Many times, they will suggest surgery to open the lacrimal punctum.
Antibiotic medications (Metronidazole, Enrofloxacin etc) will be prescribed to reduce the risk of infection after a surgical procedure.
Antibacterial medications and Anti-inflammatory medications may also be prescribed.
Make sure to follow all dosage instructions on medications prescribed.
An Elizabethan collar may be required for your dog to prevent self-trauma.
Home Remedies For Imperforate Lacrimal Punctum
Check with your veterinarian or canine ophthalmologist for the post surgical eye checks, usually once a month to ensure that the lacrimal punctum is still open and to check for any infection.
Until the post operative recovery period is over, do not allow your dogs to play outdoors. This will reduce the risk of debris getting into the eye and injuring the surgical site.
Control your dog from aggravating their eyes (use e-collar)
Prevention Of Imperforate Lacrimal Punctum
The imperforate lacrimal punctum diagnosis is performed by flushing out the nasolacrimal (tear) duct to establish if there is a blockage.
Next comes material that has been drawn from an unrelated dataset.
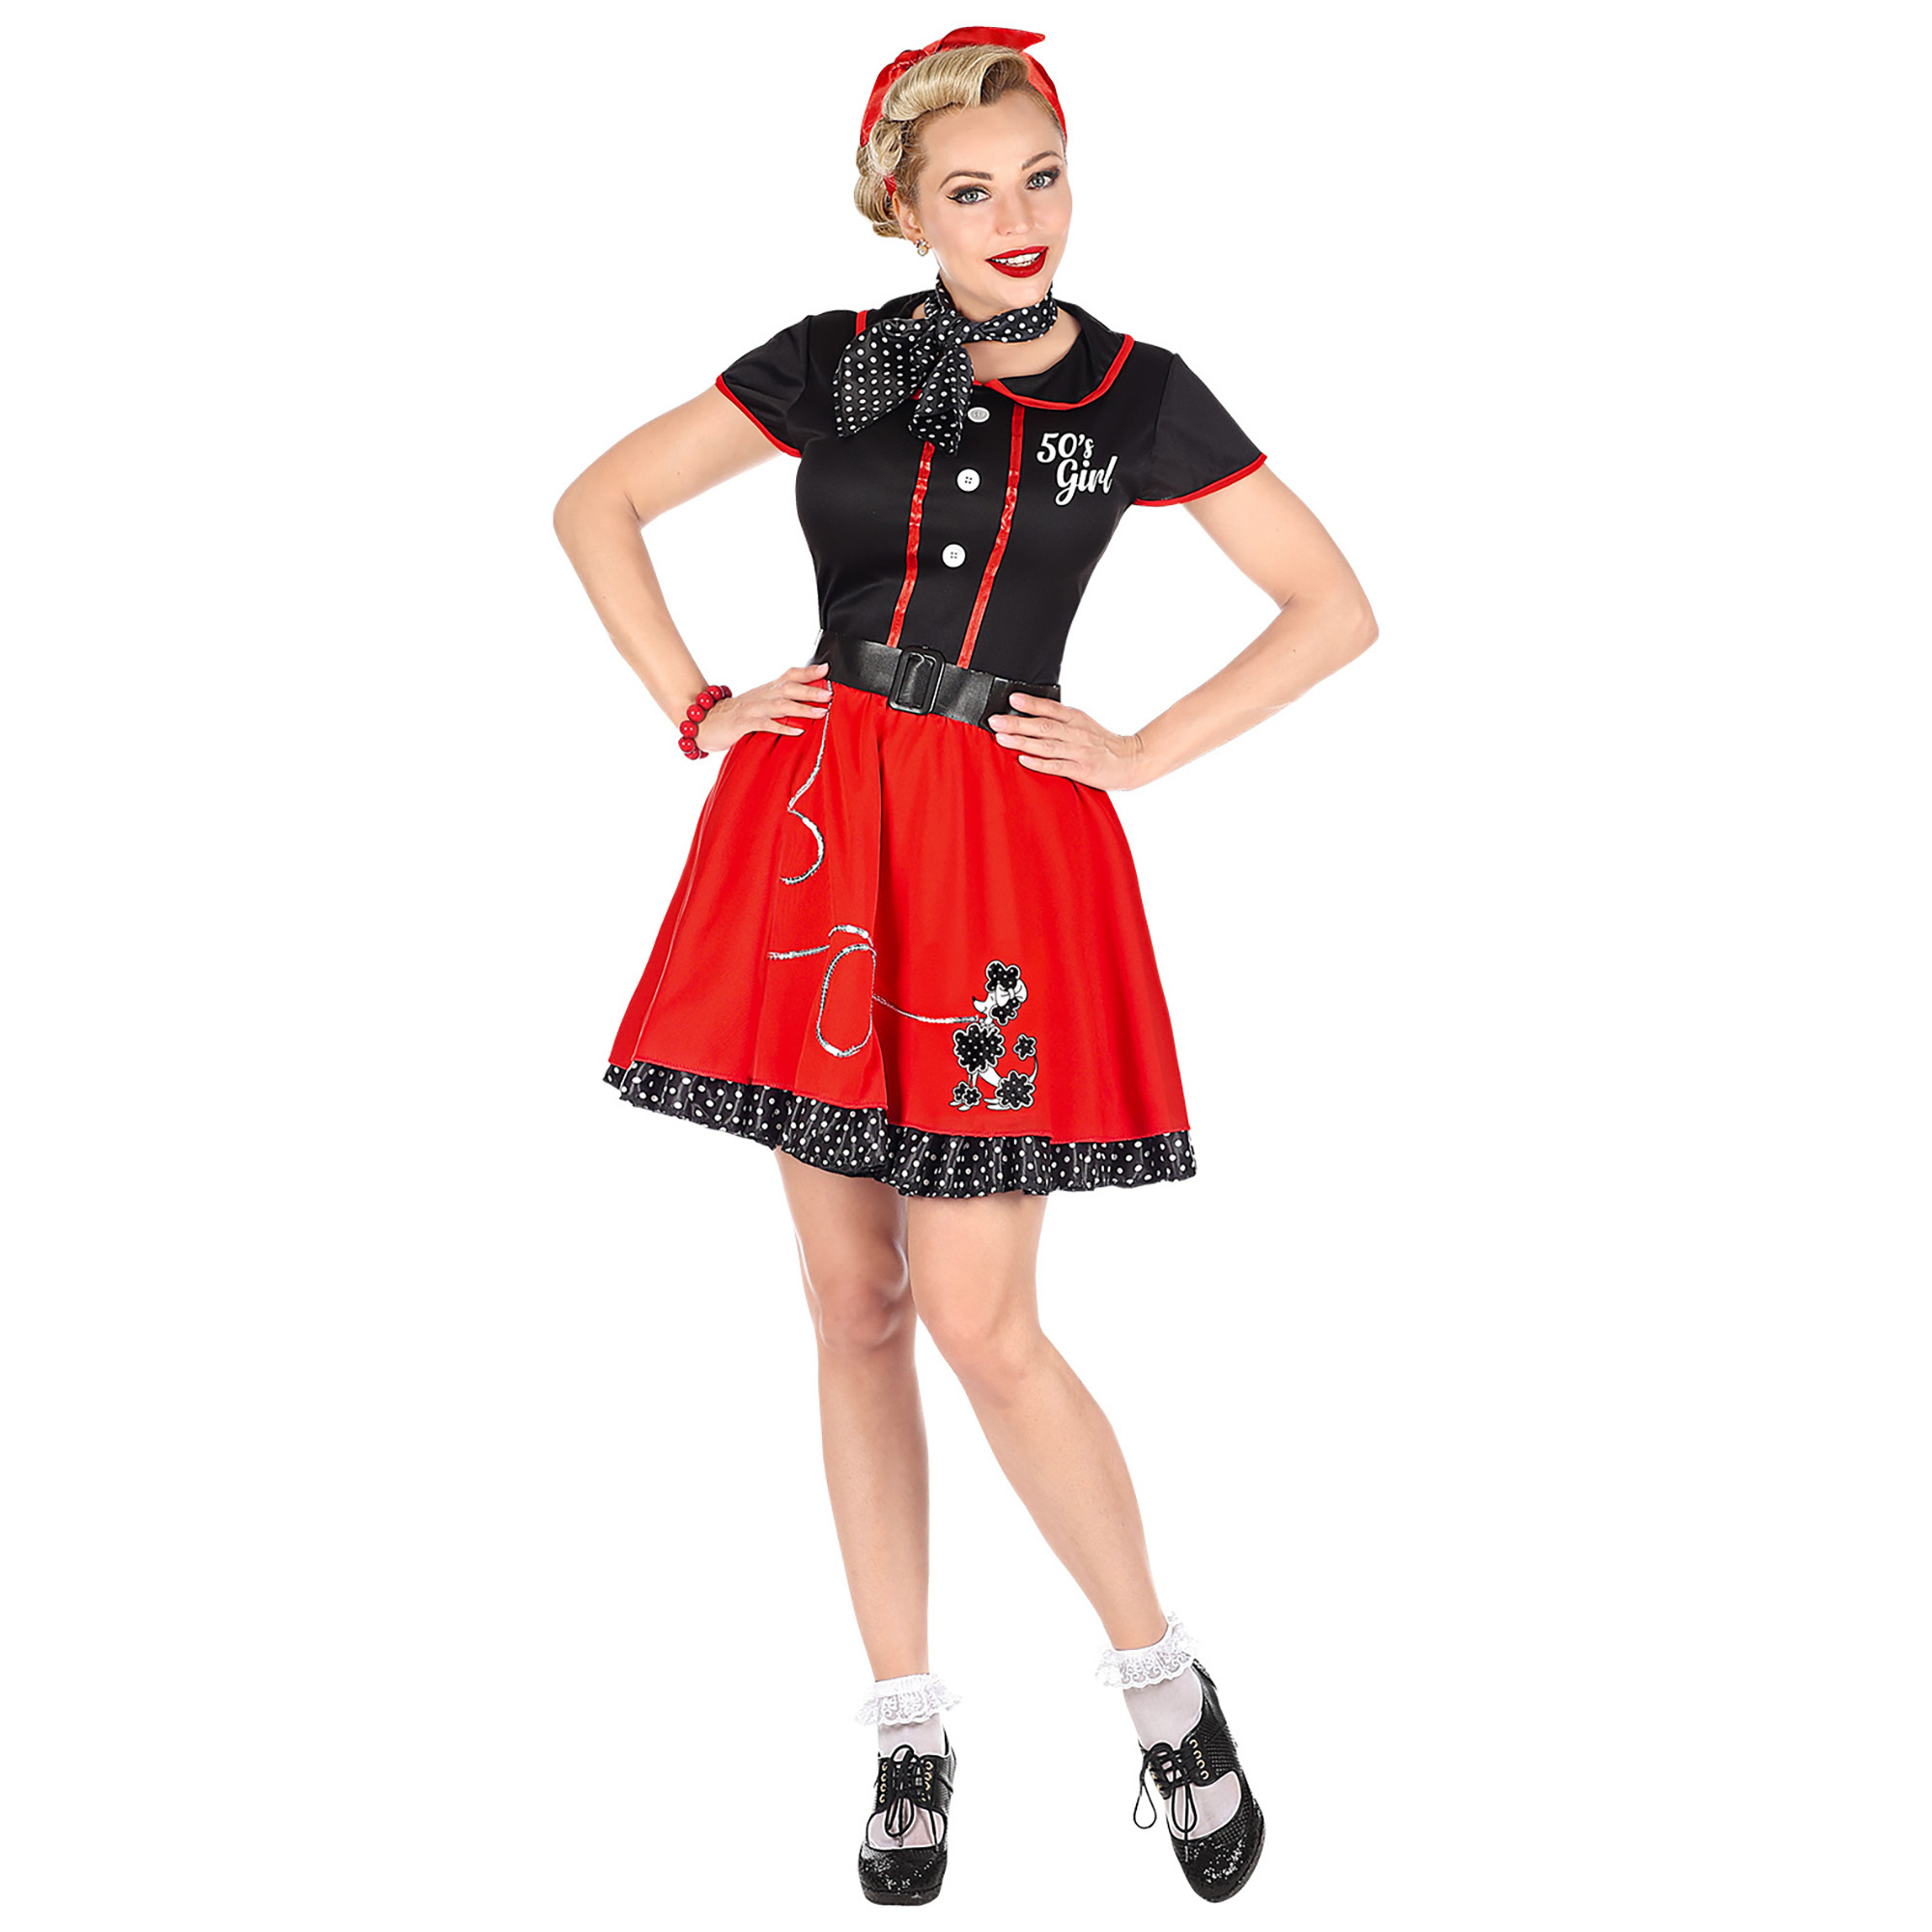 Retro dames jurk jaren 50  zwart rood

If any blockage is found out, the next step is to see what causes the excessive tearing (If the imperforate punctum is blocked or not)
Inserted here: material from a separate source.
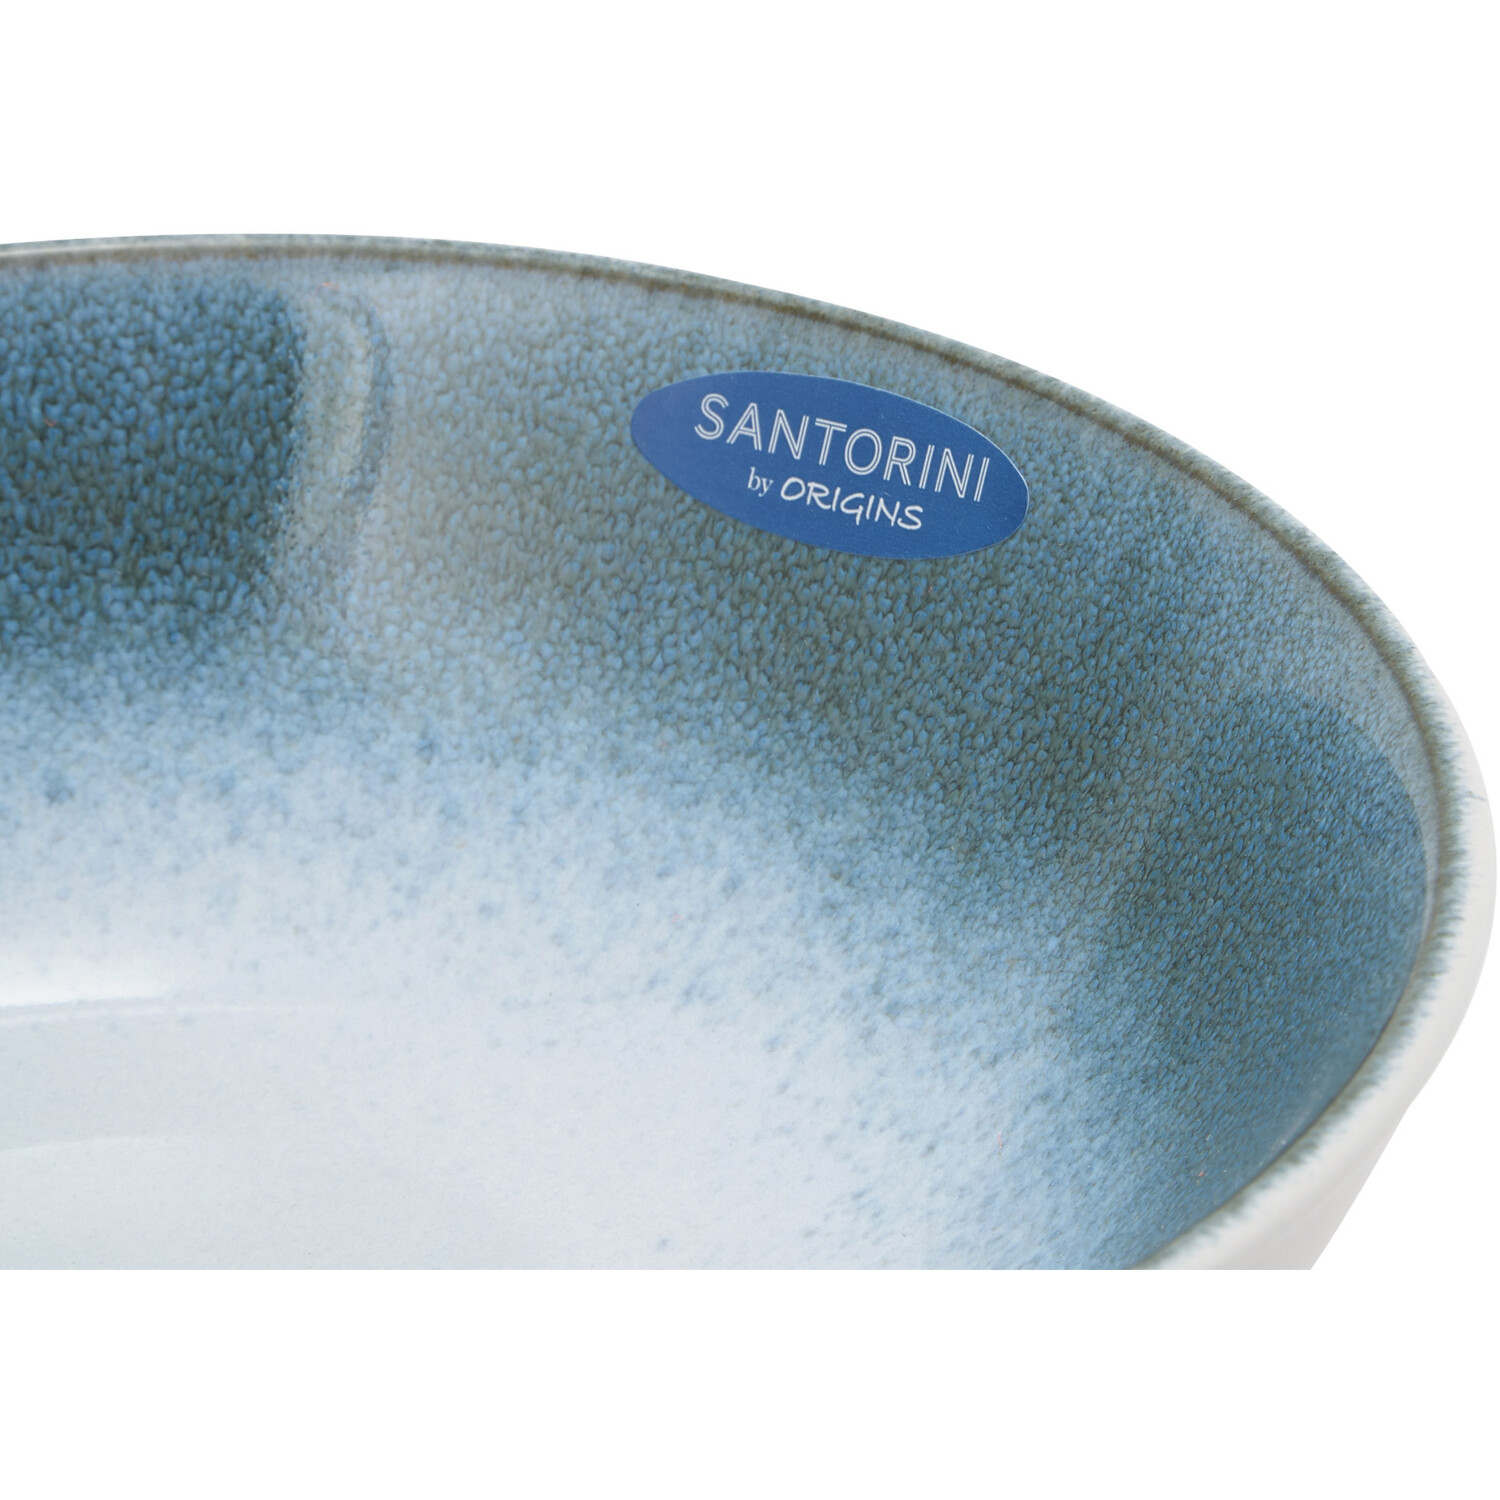 Santorini Reactive Glaze Pasta Bowl - Blue Image 3

When there are no blockages, more tests will be done (such as a bacterial culture test) to find out any underlying bacterial infection.
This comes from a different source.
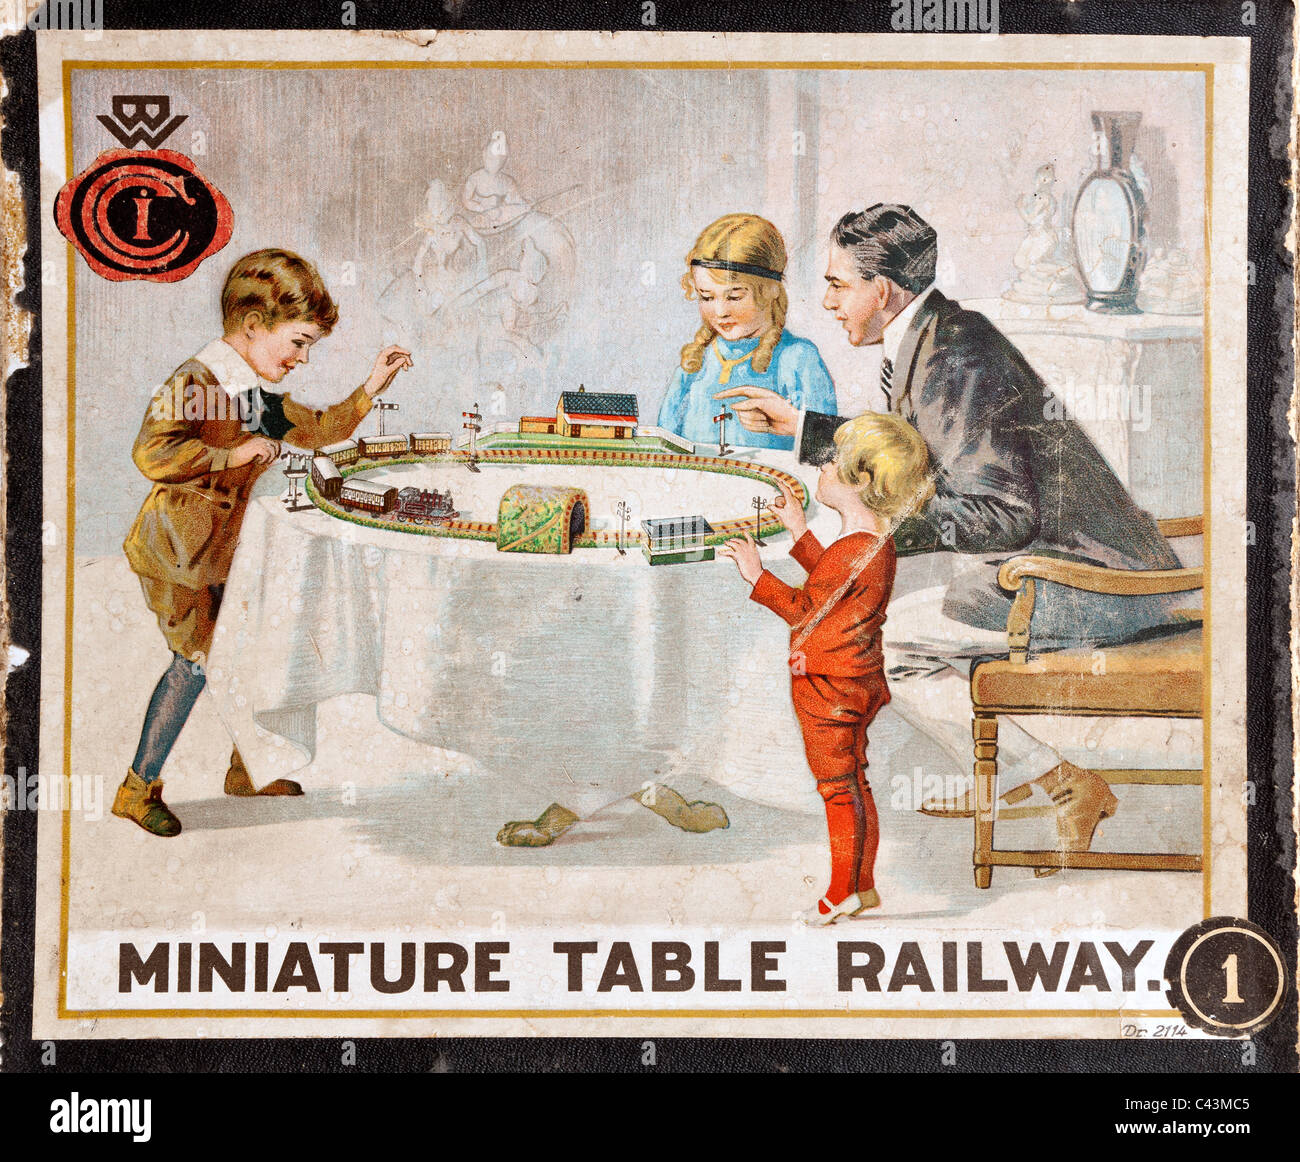 Box lid illustration from clockwork Bing Miniature Table Railway, world's first 00 gauge toy train set introduced 1922. JMH4940 Stock Photo

The Jones test: Also called lacrimal scintigraphy, this is a noninvasive test used to find Nasolacrimal duct obstruction. Your veterinarian sprays a drop of 2% fluorescein with a topical anesthetic and decongestant (e.g., 4% cocaine) in the eyes; within 5-10 minutes of administration, the dye is expected to travel down the nasolacrimal duct and should be retrieved at the nasal opening. If the dye does not appear in the nasal cavity, a functional nasolacrimal duct block may be present.
Affected Breeds Of Imperforate Lacrimal Punctum
American Cocker Spaniel, Bedlington Terrier, Golden Retriever, Poodle, Samoyed
Additional Facts For Imperforate Lacrimal Punctum
Canine imperforate lacrimal punctum is an inherited disorder. When the lacrimal punctum in the tear duct becomes blocked, the tears that lubricate the eye have no place to drain and they overflow and run out of the eye causing tear stains.
Some dogs have congenital blockages to the lacrimal punctum while others are born with very smaller openings that get blocked easily.
- Inflammation or infection (dacryocystitis) within the eye or in lacrimal duct
- Due to foreign materials lodged within the lacrimal duct.
- Scarring from prior infection or trauma
- Compression from a lacrimal canalicular cyst (canaliculops)
- Bony malformation
When To See A Vet
Time to visit the vet clinic for an eye examination, if you notice any of the following:
- When you see your dog has excessive tearing (epiphora) with pawing or squinting of the eyes
- Your dog eyes look red and feeling of discomfort
- Increased tear staining or change in the appearance of tear staining
Food Suggestions For Imperforate Lacrimal Punctum
- Low-carb dog food/ Whole, unprocessed foods
- Lean meat protein
- Vitamin C and bioflavonoids: brussel sprouts, spinach, broccoli, kale, pineapple, papaya, and strawberries etc
- Coq10 foods-organ meats, muscle meats( beef, pork), legumes, nuts, seeds etc
- Omega Fatty Acids- salmon, tuna, cod, halibut, trout, herring fish
- Blueberries, broccoli, carrots
- Sweet potato, pumpkin, tomato
- Leafy green vegetables (lettuce, spinach, salad greens, parsley, collard greens )
- Intake of dietary nitrates- mainly from green leafy vegetables
When left untreated, nasolacrimal duct obstruction will cause unsightly issues with tear staining with excessive watering of the eyes. Dogs also have an increased likelihood of bacterial infection and foul odour in face. The prognosis for resolution of Imperforate lacrimal punctum by one or more surgical procedures is quite good.